11The onus is on the applicant, in this case W.P., to prove that his injuries or impairments fall beyond the MIG3.
W.P. suffered physical injuries that do not take him outside of the MIG
12W.P. did not provide me any medical evidence that he sustained physical injuries in the accident which would remove him from the MIG. The Disability Certificate4 indicate W.P. was diagnosed with “lumbar spine sprain/strain, radiculopathy lumbar spine, lower back strain and sciatica” on a visit after the accident. W.P. submits that due to his sciatica, he should be removed from the MIG. I disagree.

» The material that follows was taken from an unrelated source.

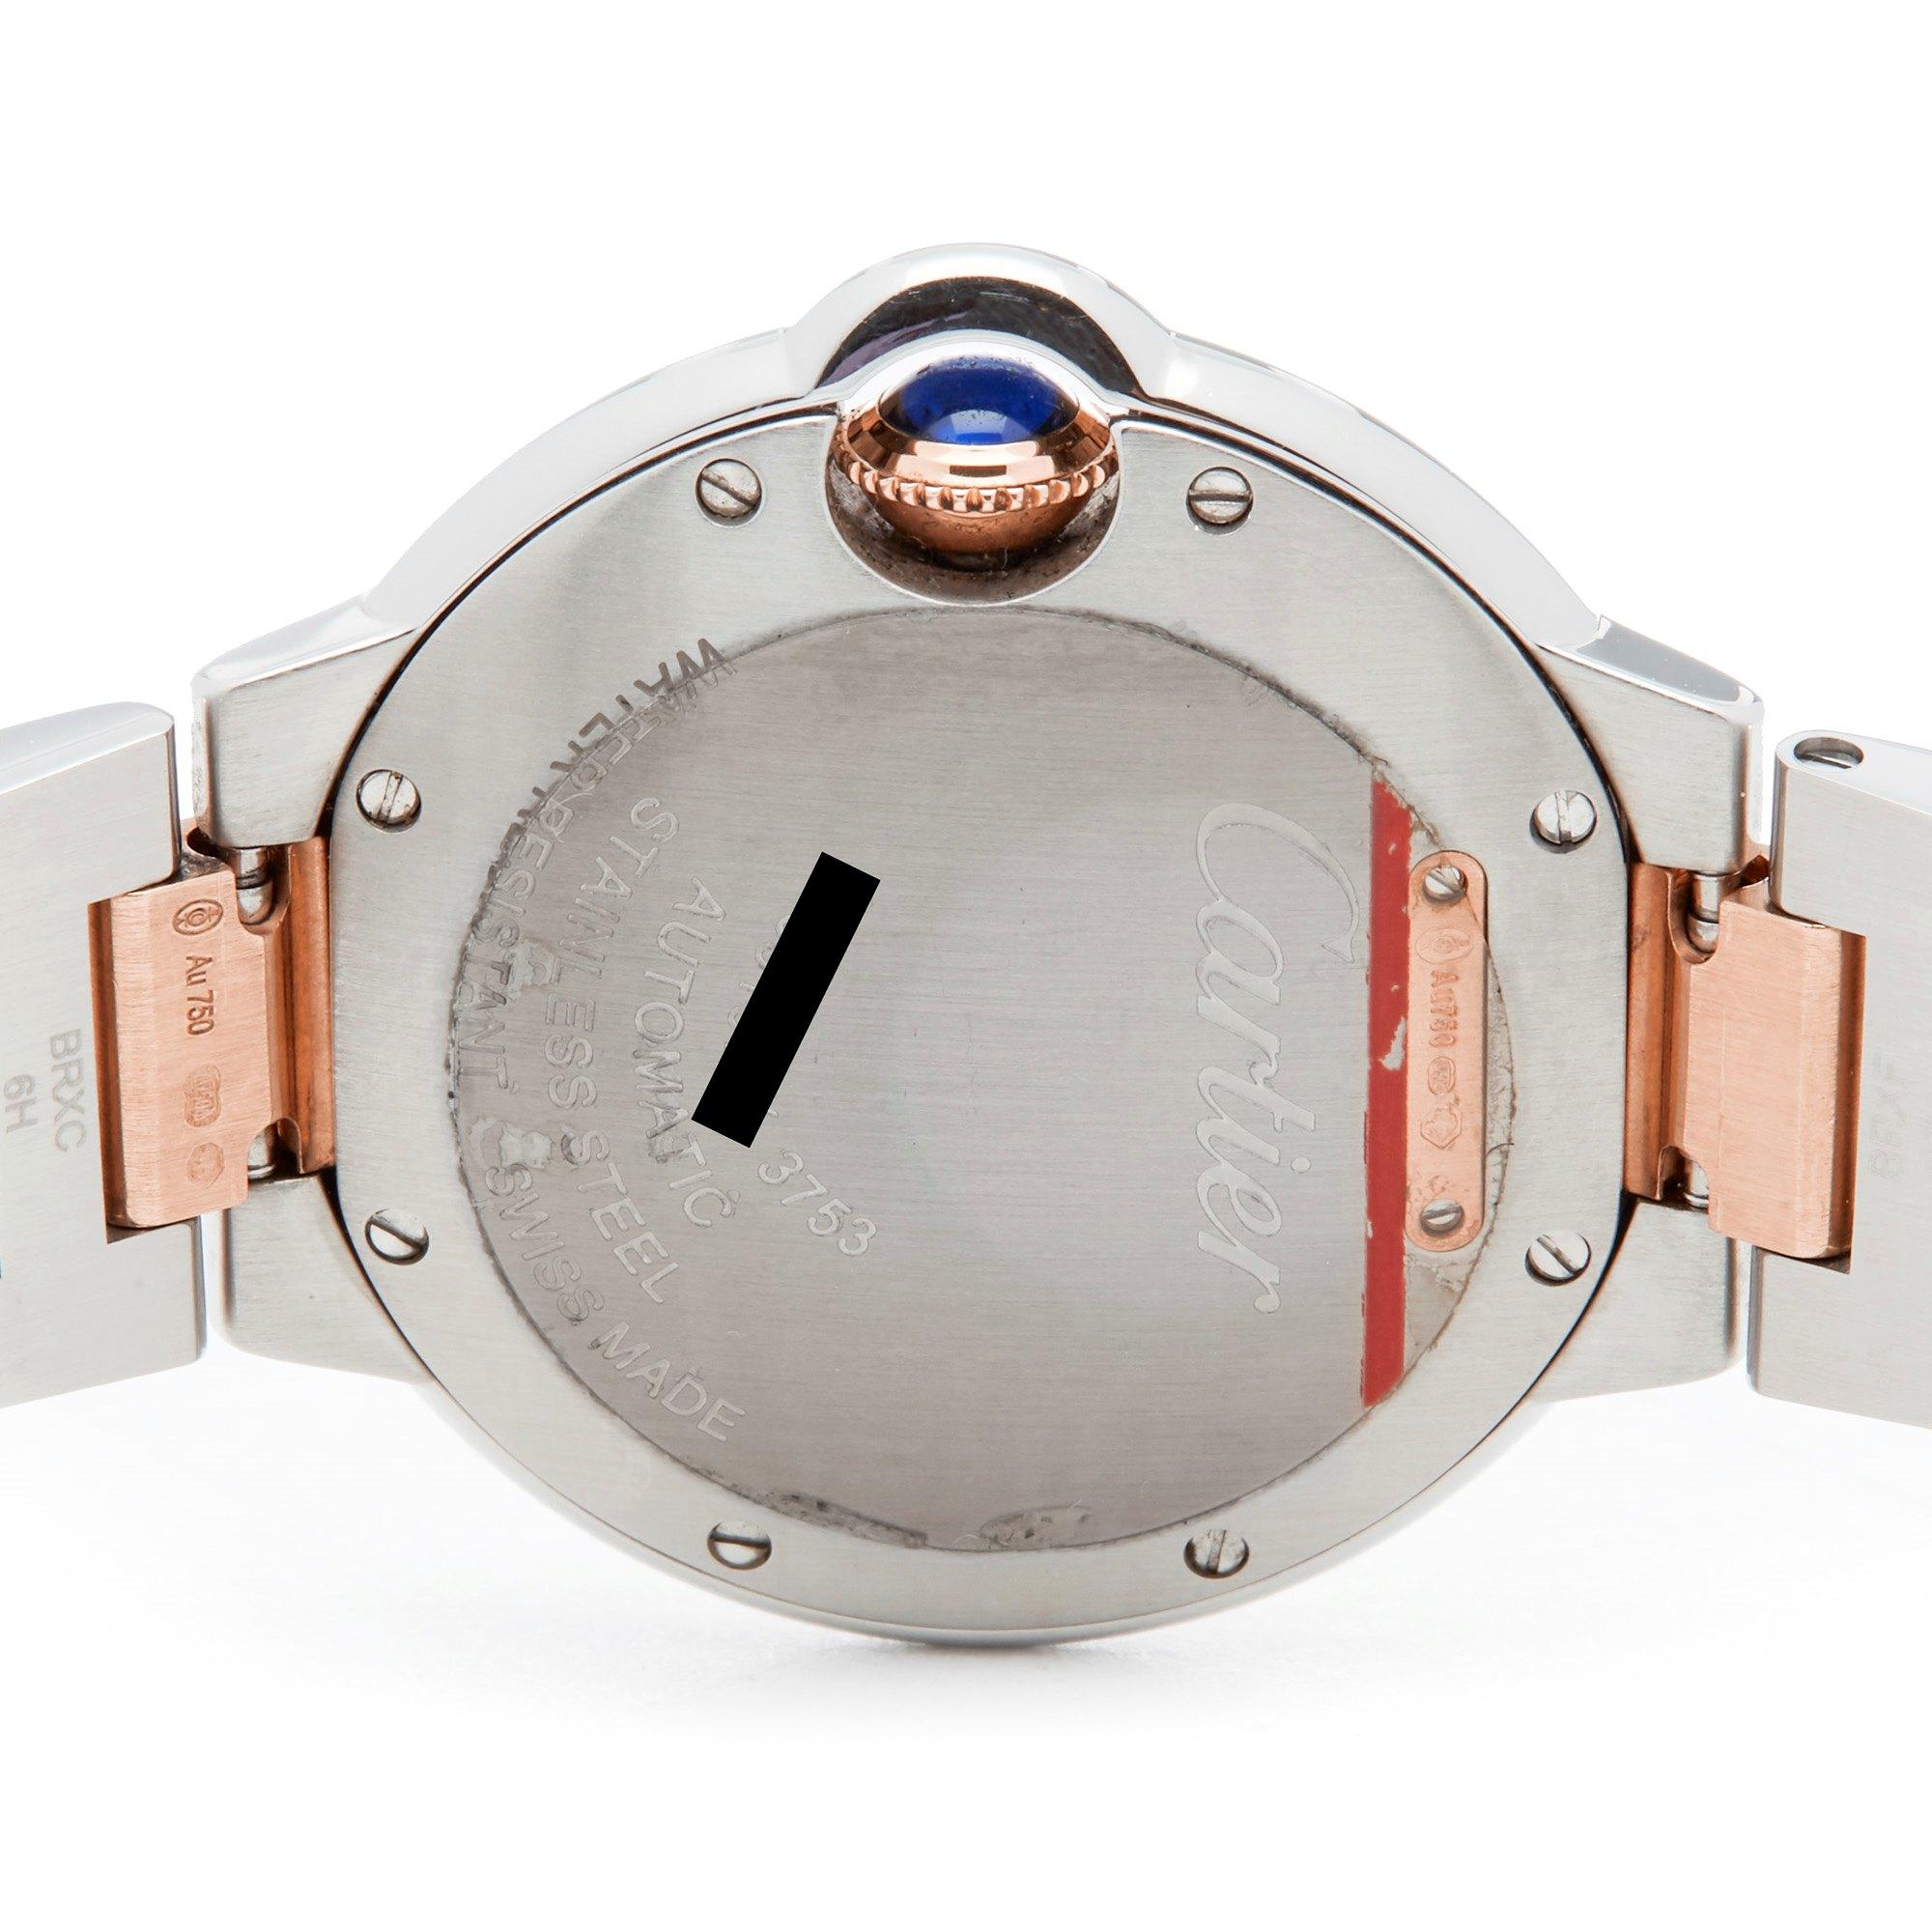 Lot 18 - Cartier Ballon Bleu 33 WE902077 or 3753 Ladies Stainless Steel & Rose Gold Diamond Watch

13Dr. Garming Lai, Family Physician, saw W.P. on the date of loss. W.P. was diagnosed with low back sprain. Dr. Lai recommended rest and prescription medication. W.P. next saw Dr. Lai on May 19, 2017. Dr. Lai again diagnosing low back pain and prescribing Naproxen. W.P. does not direct me to any medical evidence to show that his accident-related injuries would prevent him from reaching maximum medical recovery under the MIG limits. Regarding the sciatica, there is no medical evidence to show that this impairment should remove W.P. from the MIG.
14I refer to the OCF-3 of Dr. Malatesta, under Part 8, question a): Prior to the accident, did the applicant have any disease, condition or injury that affected his ability to perform the activities listed under Part 6?5 Dr. Malatesta indicated ‘No’. Under Part 8, question b): Since the accident has the applicant developed any disease, condition or injury, not related to the accident, that could affect his disability? Again, Dr. Malatesta indicated in the negative.
15Neither Dr. Lai, nor Dr. Malatesta provide any objective evidence, or any supporting medical explanation that W.P.’s sciatica is significant enough to remove him from the MIG, or that the sciatica is of such a detriment that it would prevent W.P. from achieving maximum medical recovery with the MIG limit.
16W.P. also relies on a letter from Dr. Lai, dated April 4, 2019. Dr. Lai mentions that W.P. has a diagnosis of sciatica, which was worsened by the accident and for which W.P. is prescribed oral anti-inflammatories. There is no indication that Dr. Lai performed any testing, nor did W.P. provide me with or direct me to any medical evidence to support Dr. Lai’s letter.
17This evidence does not support that W.P. should be removed from the MIG. In addition, a treatment plan, without any supportive persuasive evidence is not enough to establish that a treatment plan is reasonable or necessary.
18To conclude, I find that W.P. has submitted no evidence from Drs. Lai or Malatesta or any other medical evidence which establish that his physical injuries are anything but predominantly “minor”.
19Because I conclude that W.P. has not met the onus on him to show that he suffered physical injuries that are not considered to be minor as a result of the accident, I find the claimed treatment plans are not reasonable and necessary.
CONCLUSION
20W.P. has not satisfied his onus to establish that his physical injuries are not predominantly minor.
21W.P. is not entitled to the treatment plans, or interest.
Released: October 4, 2019
Derek Grant
Adjudicator
Footnotes
- O. Reg. 34/10.
- Minor Injury Guideline, Superintendent’s Guideline 01/14, issued pursuant to s. 268.3 (1.1) of the Insurance Act.
- Scarlett v. Belair, 2015 ONSC 3635 para.24
- Disability Certificate (OCF-3) dated June 13, 2017 by Dr. Michael Malatesta, Chiropractor
- Reference to Part 6 of the OCF-3 being the ‘Diability Tests and Information’ section of the form.